Parmi les trois diffuseurs publics, YLE, le finlandais, le diffusera sur sa plateforme Arena. Pour les diffuseurs linéaires, la programmation d’une série documentaire est toujours un pari sur l’audience, mais ils sont de plus en nombreux à s’y mettre vu le nouvel et grandissant appétit du public pour ce genre.
C’est un regard européen posé sur une histoire universelle, au-delà des trois pays présents au cœur de l’intrigue. Avez-vous des premières pistes pour une diffusion dans d’autres territoires ?
Arianna Castoldi : La série est distribuée par Mediawan Rights. Elle est encore sous embargo mais elle suscite déjà beaucoup d’intérêt. Et nous évaluons la meilleure stratégie possible entre plateforme et diffuseurs linéaires.
La diffusion est prévue pour l’automne, et la série, actuellement en montage, sera finalisée en juin. Quelles sont vos ambitions pour l’export du programme à l’international ?
AC : Nous souhaiterions avoir une première exposition en festival – d’ailleurs l’équipe de vente la présentera aux programmateurs lors du prochain Festival de Cannes. Aujourd’hui, certains festivals de catégorie A s’ouvrent à la série documentaire et ce type de programme est encore très rare sur le marché.

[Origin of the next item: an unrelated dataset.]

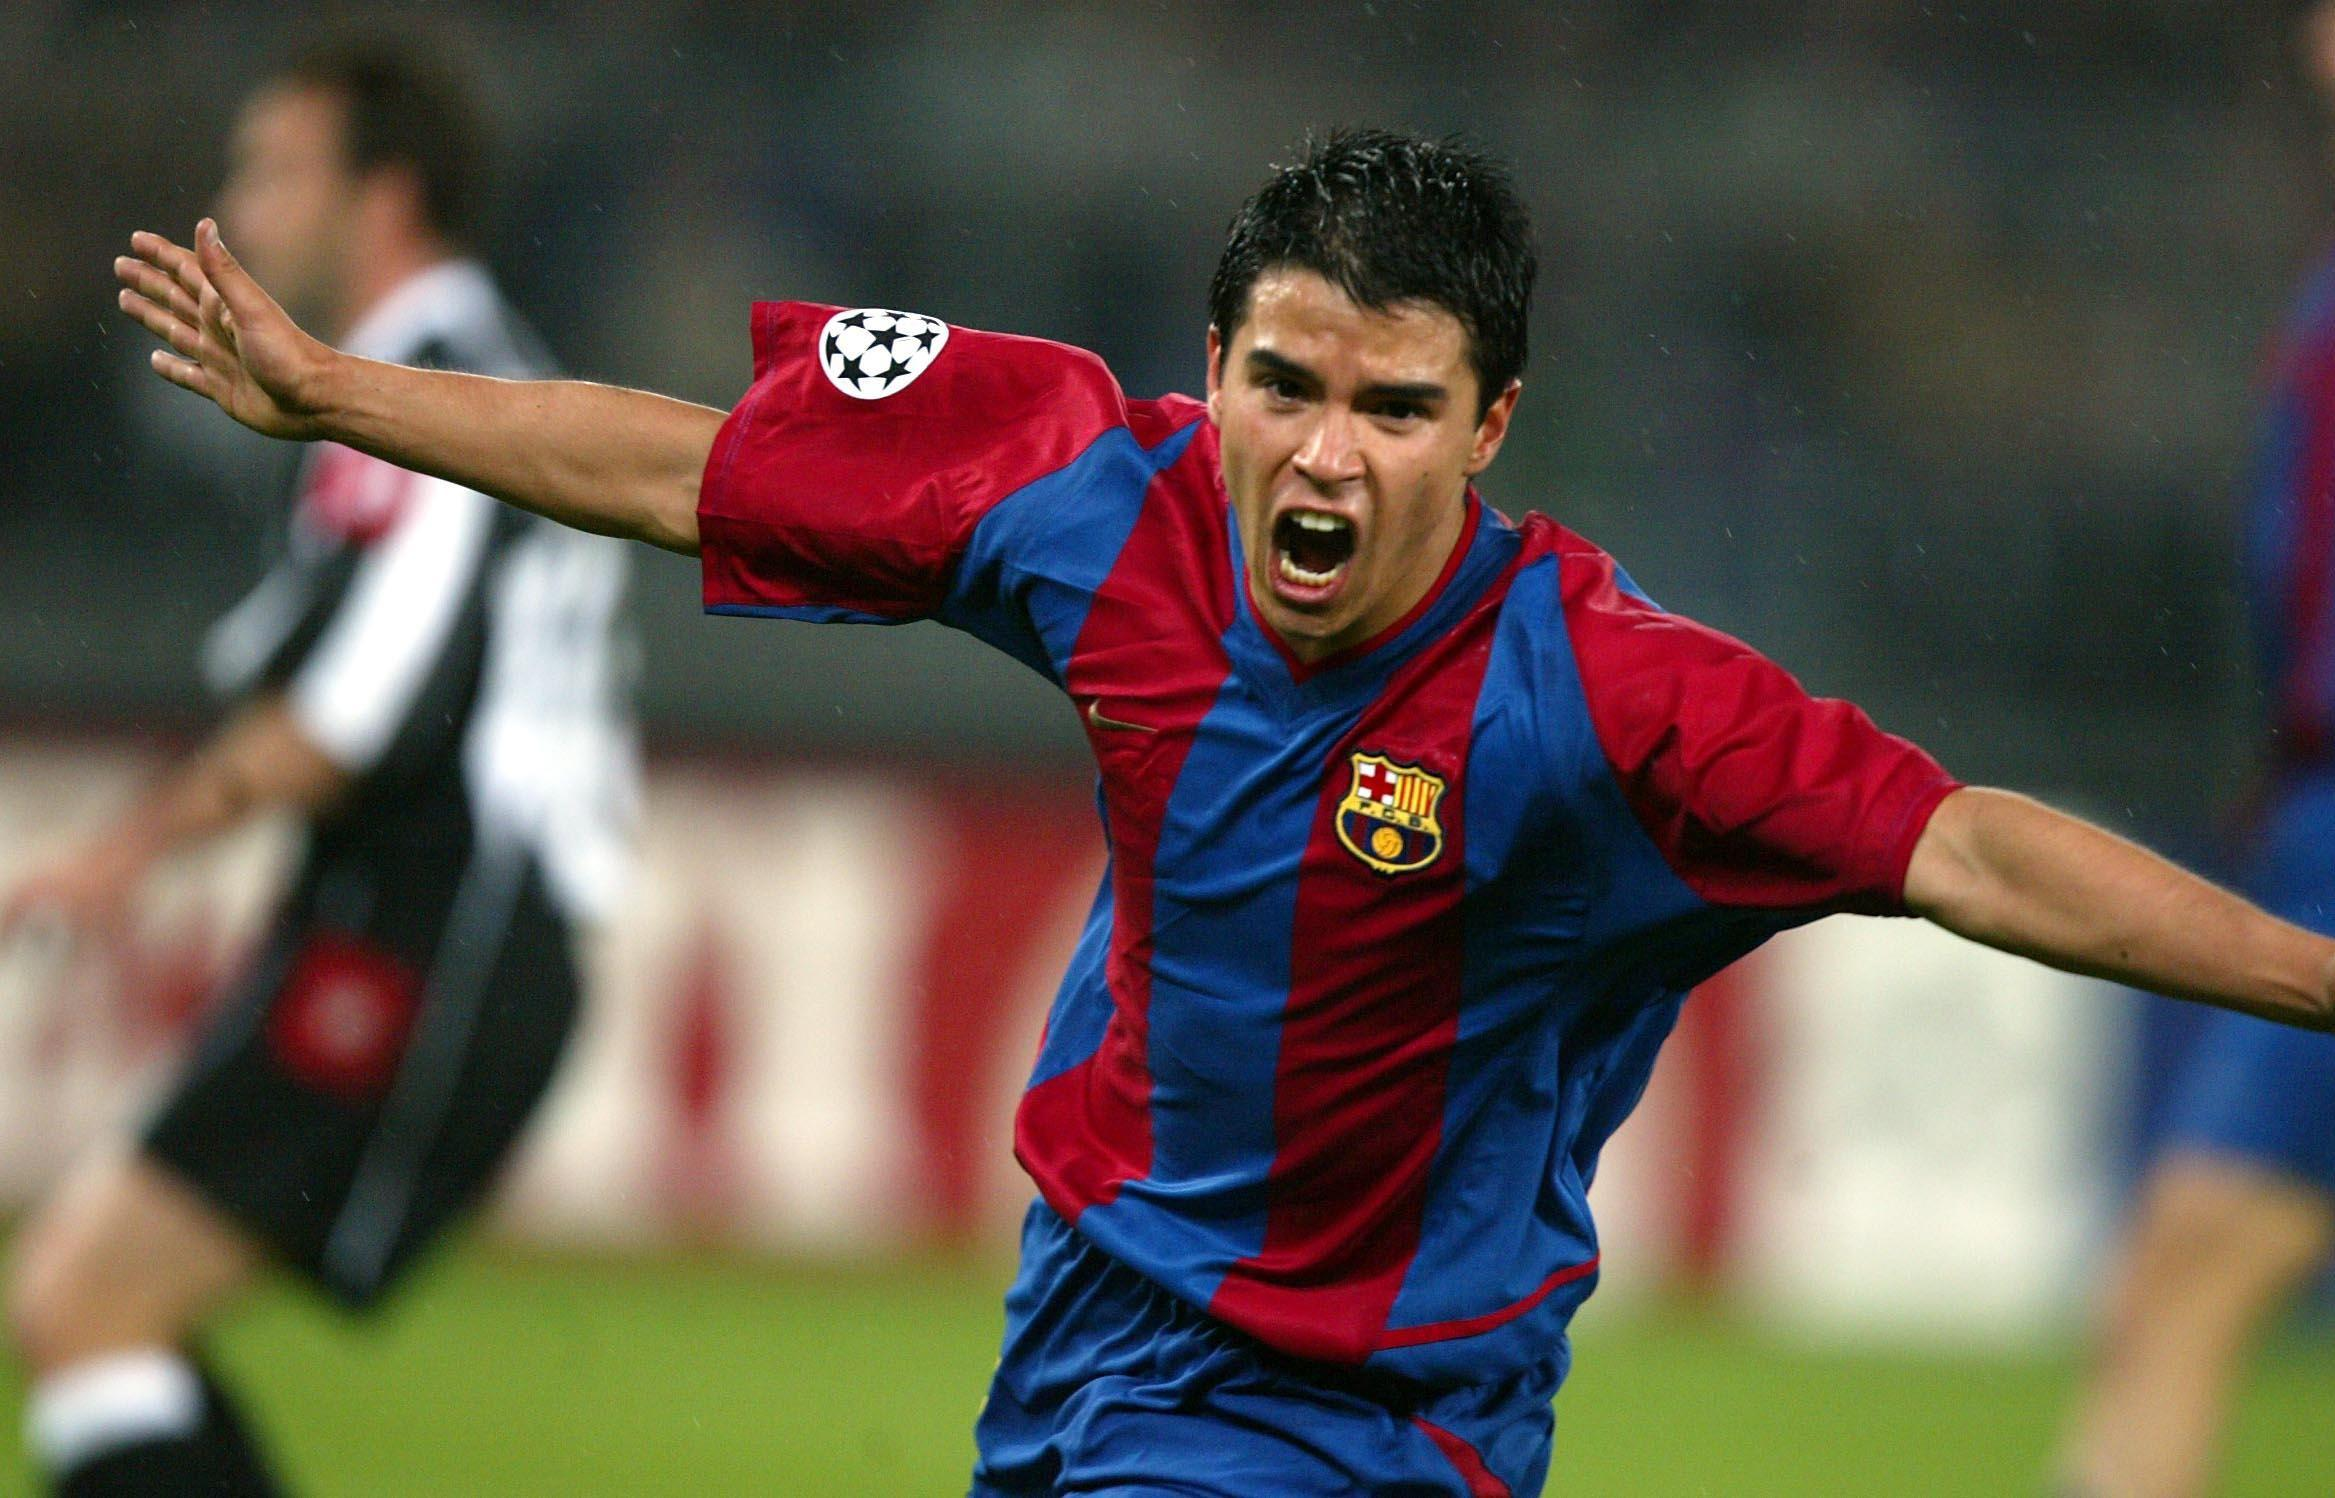 20 years since Saviola joined Barça

Ce serait une formidable visibilité pour la création européenne !
Gaialand est une coproduction Imagissime, Aito Media (Finlande) et Les Gens (Belgique), ARTE GEIE, RTBF, YLE, avec la participation de DR, Mediawan Rights, et le soutien de Finish Film Foundation, de Creative Europe Programme – Media, du CNC et de la Procirep Angoa.